▶ [DATA]

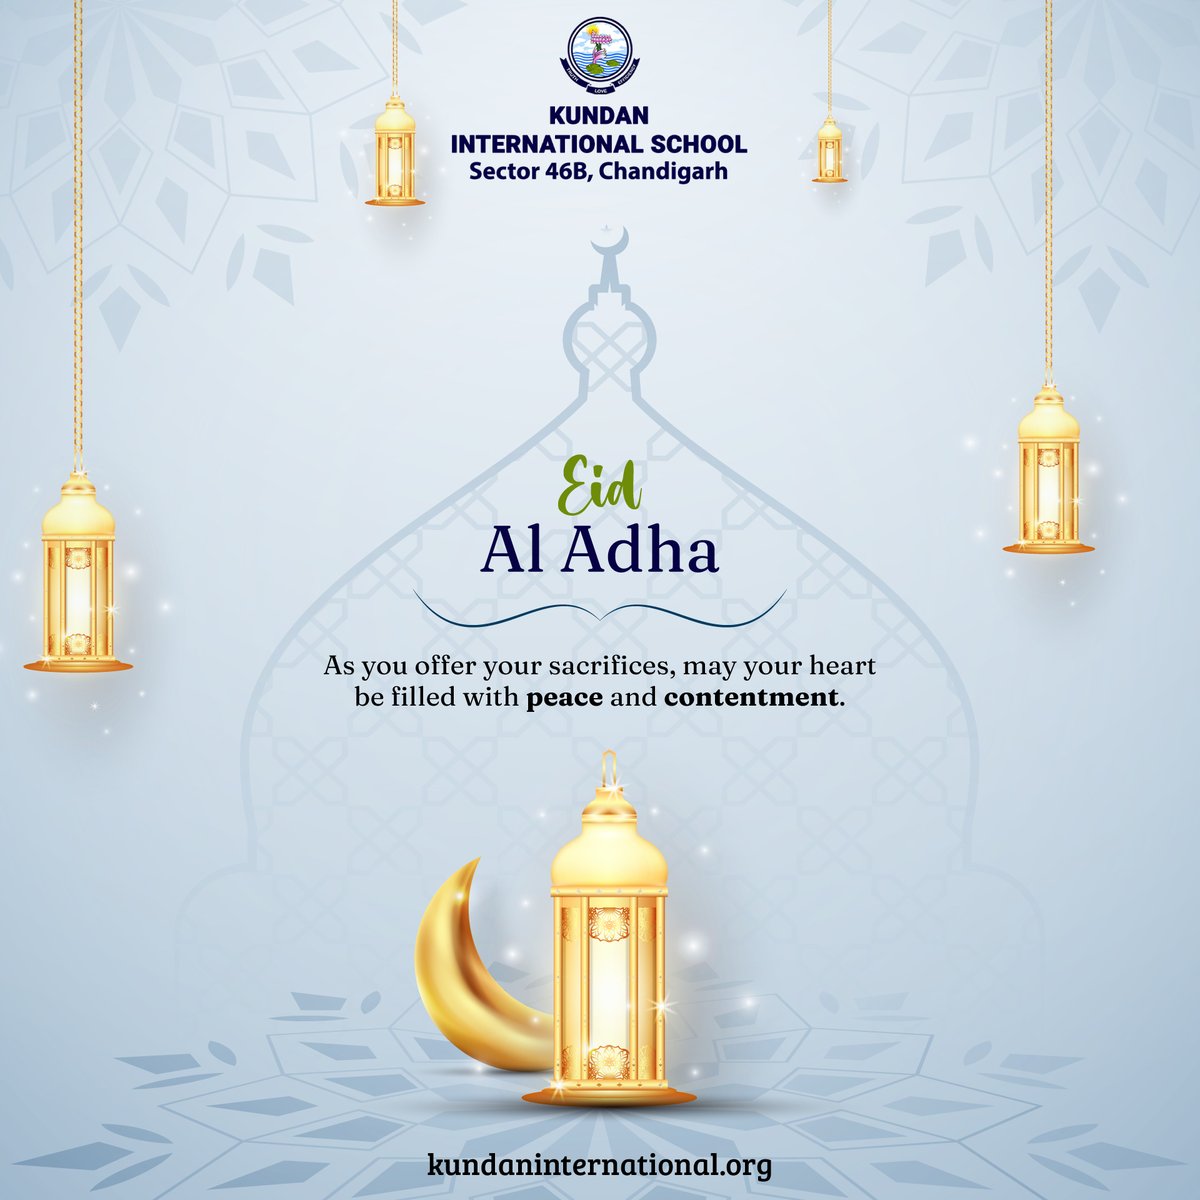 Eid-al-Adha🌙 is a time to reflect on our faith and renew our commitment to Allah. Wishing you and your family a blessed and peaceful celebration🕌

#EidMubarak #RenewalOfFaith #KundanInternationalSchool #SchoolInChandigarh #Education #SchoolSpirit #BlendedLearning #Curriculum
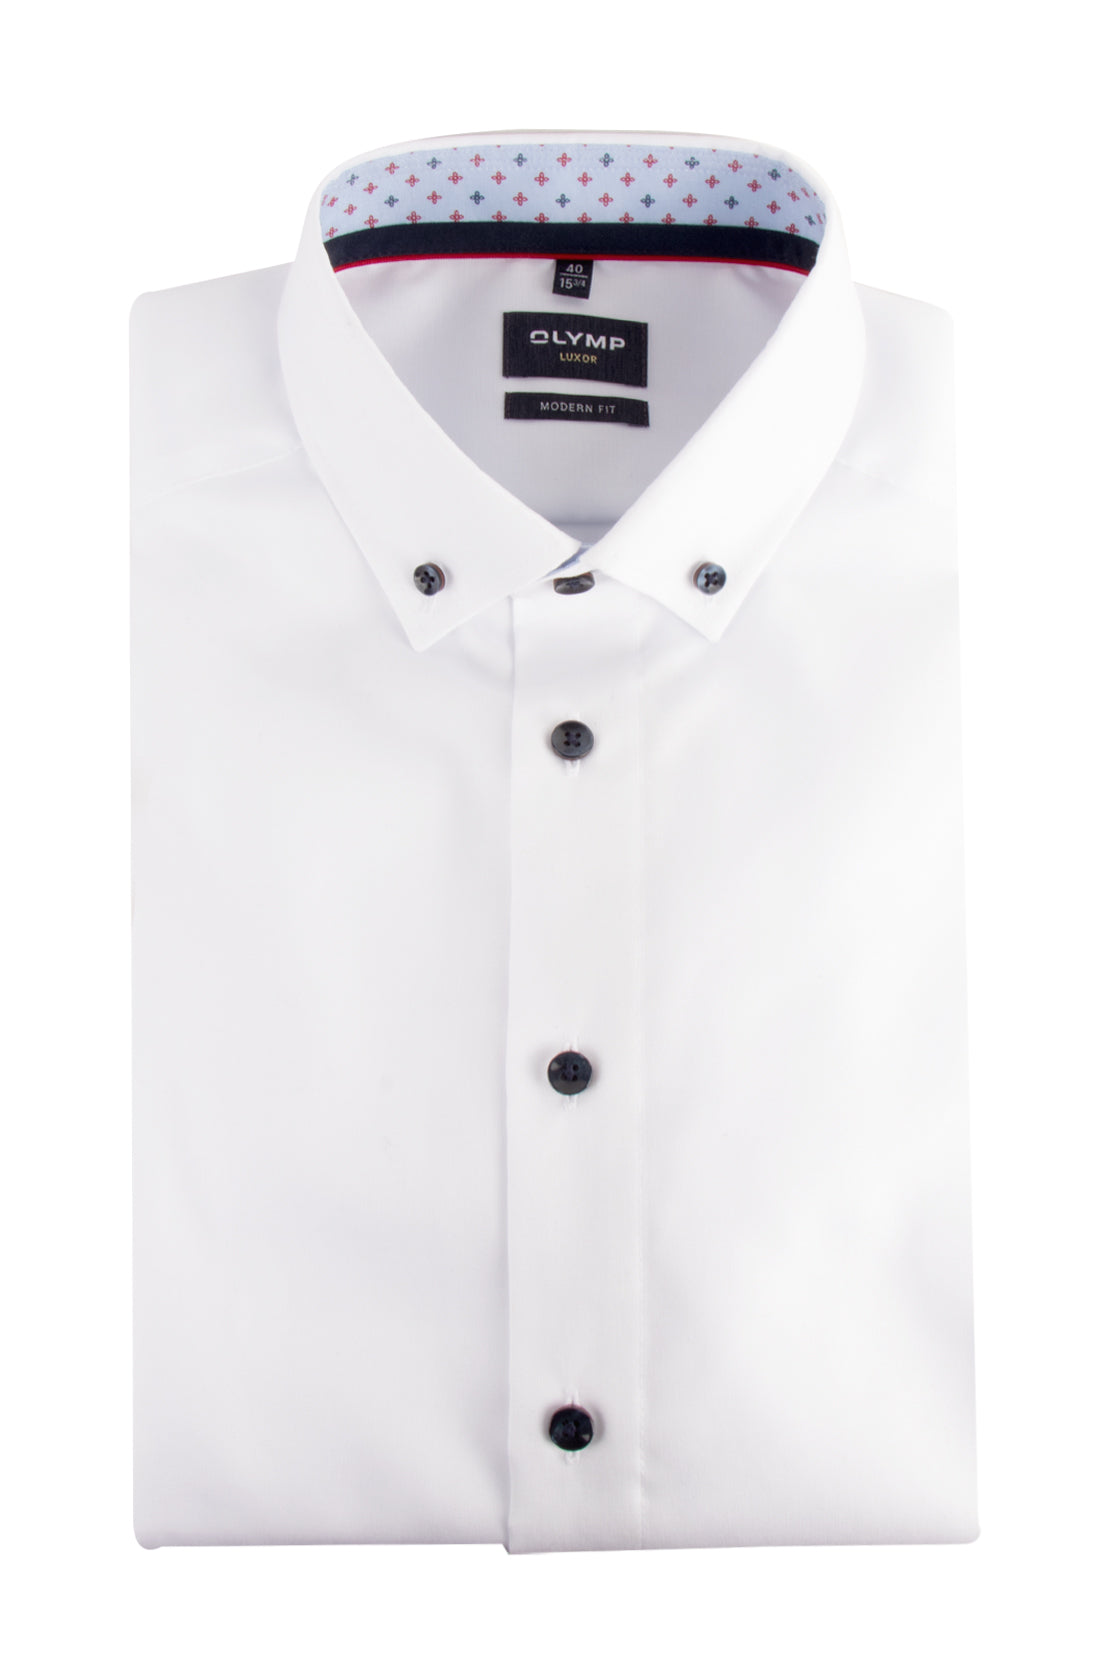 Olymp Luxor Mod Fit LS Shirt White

▶ [WORK REQUEST]
Using the data above, write out every line exactly, leaving the images behind.

▶ [EXPECTED ANSWER]
 Eid-al-Adha🌙 is a time to reflect on our faith and renew our commitment to Allah. Wishing you and your family a blessed and peaceful celebration🕌

#EidMubarak #RenewalOfFaith #KundanInternationalSchool #SchoolInChandigarh #Education #SchoolSpirit #BlendedLearning #Curriculum
 Olymp Luxor Mod Fit LS Shirt White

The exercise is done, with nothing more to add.